NTN Leaders Spotlight: Erin Frew’s Layered Approach to Leadership

March 10, 2016
Julia McBride

Julia McBride

In 2012 Jim May led a small team of us in a “Leadership Deep Dive” which resulted in the creation of the NTN Learning Organization Framework, an essential tool to help us and schools guide improvements in teaching and learning. One of the activities we engaged in during that Deep Dive was a small group exercise to identify and attempt to visually capture the traits of the ideal school leader.

Now, I could go into the details of every trait we felt a leader should embody, but the main idea is: the ideal school leader has many layers. It is with deep gratitude that we were able to highlight such a leader recently, through her and her team’s openness to highlight their school as a case study at the 2016 Spring NTN Leadership Summit in San Diego, CA. Erin Frew, the Director of New Tech West in Cleveland, OH, embodies the qualities of the ideal school leader my colleagues and I envisioned almost 4 years ago, and it is this reality that seems to be sticking with me most a few weeks after the conclusion of Summit. It is not easy to be a school leader. It requires a special sort of person, and I think Erin is one of them.

There are a few aspects of Erin’s leadership that stand out to me.

Emotional Intelligence
Erin knows herself. She will readily admit that she tends to go on “bird walks,” and that she needs a particular thought partner to help her stay focused. She acknowledges that she has a tendency to be reactive in nature and that her team’s disciplined focus on improving something specific about their students’ learning has been integral to helping her stay on a clear, proactive path. She projects a calm confidence that commands respect, an admirable humility and tendency to credit her team before herself, and a willing vulnerability that inspires the same of others around her. Erin’s self-awareness and regulation are quickly palpable when you interact with her. And she carries a sense of humor about it all, which I think might just be an essential trait for enduring and thriving in what, to me, might be one of the most challenging jobs there is.

Interpersonal Knowledge & Skill
Erin could be described as artful in her interactions with and support of others. She chooses language carefully to help meet her goals. If another leader describes a staff member as “resistant,” Erin might suggest they are “reluctant” or “nervous.” In the case of her school’s improvement effort, she seeks to understand how individuals and teams are experiencing the challenges they encounter, and she carefully aligns her responses and supports accordingly. Although she tends to refer to herself as the annoying one in the eyes of her district leaders, I believe she knows and understands that her unique interpersonal ability is what allows her to be disruptive to the system in ways best for her students and staff. This is probably why she gets leveraged so frequently by the district she seems to think finds her such a challenge. She’s also just fun to be around, and although this may not be an essential leadership trait, it certainly doesn’t hurt. I think her genuineness also allows her the leeway to be directive when necessary, and Erin does an admirable job of navigating that decision-making fine line.
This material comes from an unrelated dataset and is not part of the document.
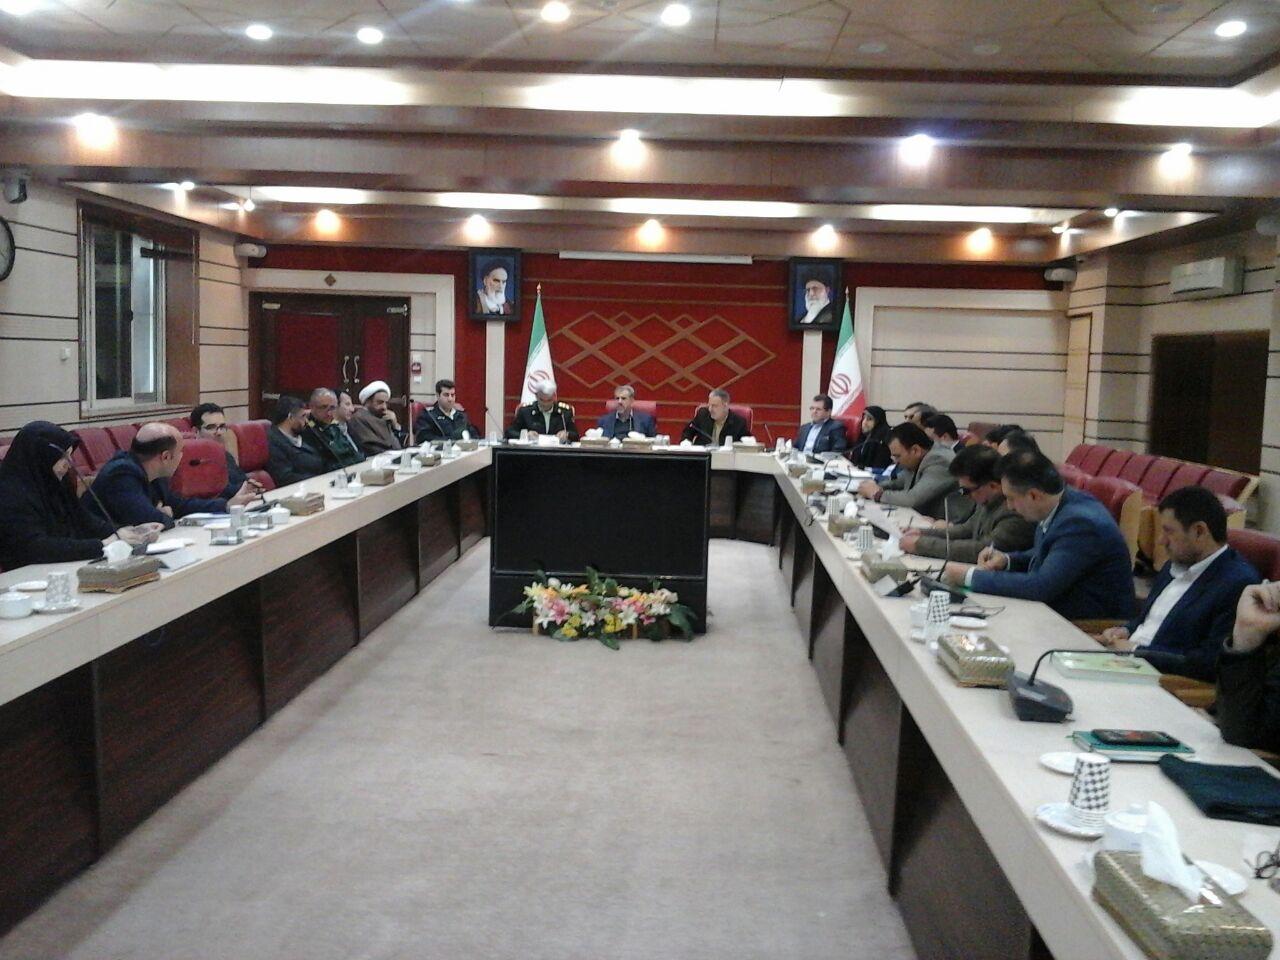 آمادگی سپاه قزوین برای راهاندازی مرکز ماده ۱۶/ برنامههای مقابله با گسترش موادمخدر در ۱۷محله آسیبدیده درحال اجراست

Seeing the Big Picture / Seeing Systems
My colleague, Jude Garnier, often uses the metaphor of “nested dolls” to describe the many systemic layers present in the field of education. Erin sees these systemic layers and can move across them and connect them with relative ease. Erin knew that in order to be able to commit to a disciplined improvement effort as a school, she was going to need to reorganize their structures for learning to accommodate this effort. She knew that certain people would need to be paired with others in order for them to be in a position to learn and grow. She understands that her student population will continue to change as their school location does, and that she and her staff must continue to adapt to the needs of that population. (And by the way, how many school leaders can say that they have an 85% staff retention rate after 3 location moves in 5 years? I’m pretty sure this says something about Erin.) Erin also saw that her team’s improvement effort was building some political clout, and she leveraged this to protect her students and staff from a district common assessment system that doesn’t align with their New Tech project-based instructional practices. The fact that Erin was able to negotiate at the district level, using evidence from their improvement effort as leverage, is just another affirmation of her interpersonal skills and her political savvy, another skill I think every school leader should work to hone, no matter how uncomfortable it may be for some.

When I look back at the leadership traits my small team and I identified in our Oakland office in 2012, I am reminded of why the average retention rate of a new school leader is 3 years. It’s not easy to lead a school, and it’s especially difficult to lead a school to a place where it is continuously improving the outcomes it wants for its students. I am proud to know that we have such leaders in the New Tech Network, and I am forever grateful to Erin Frew, and to the leaders to come, who are willing to share their stories and the work of their schools for the benefit of all schools making the noble effort to build a nation proud of its public schools.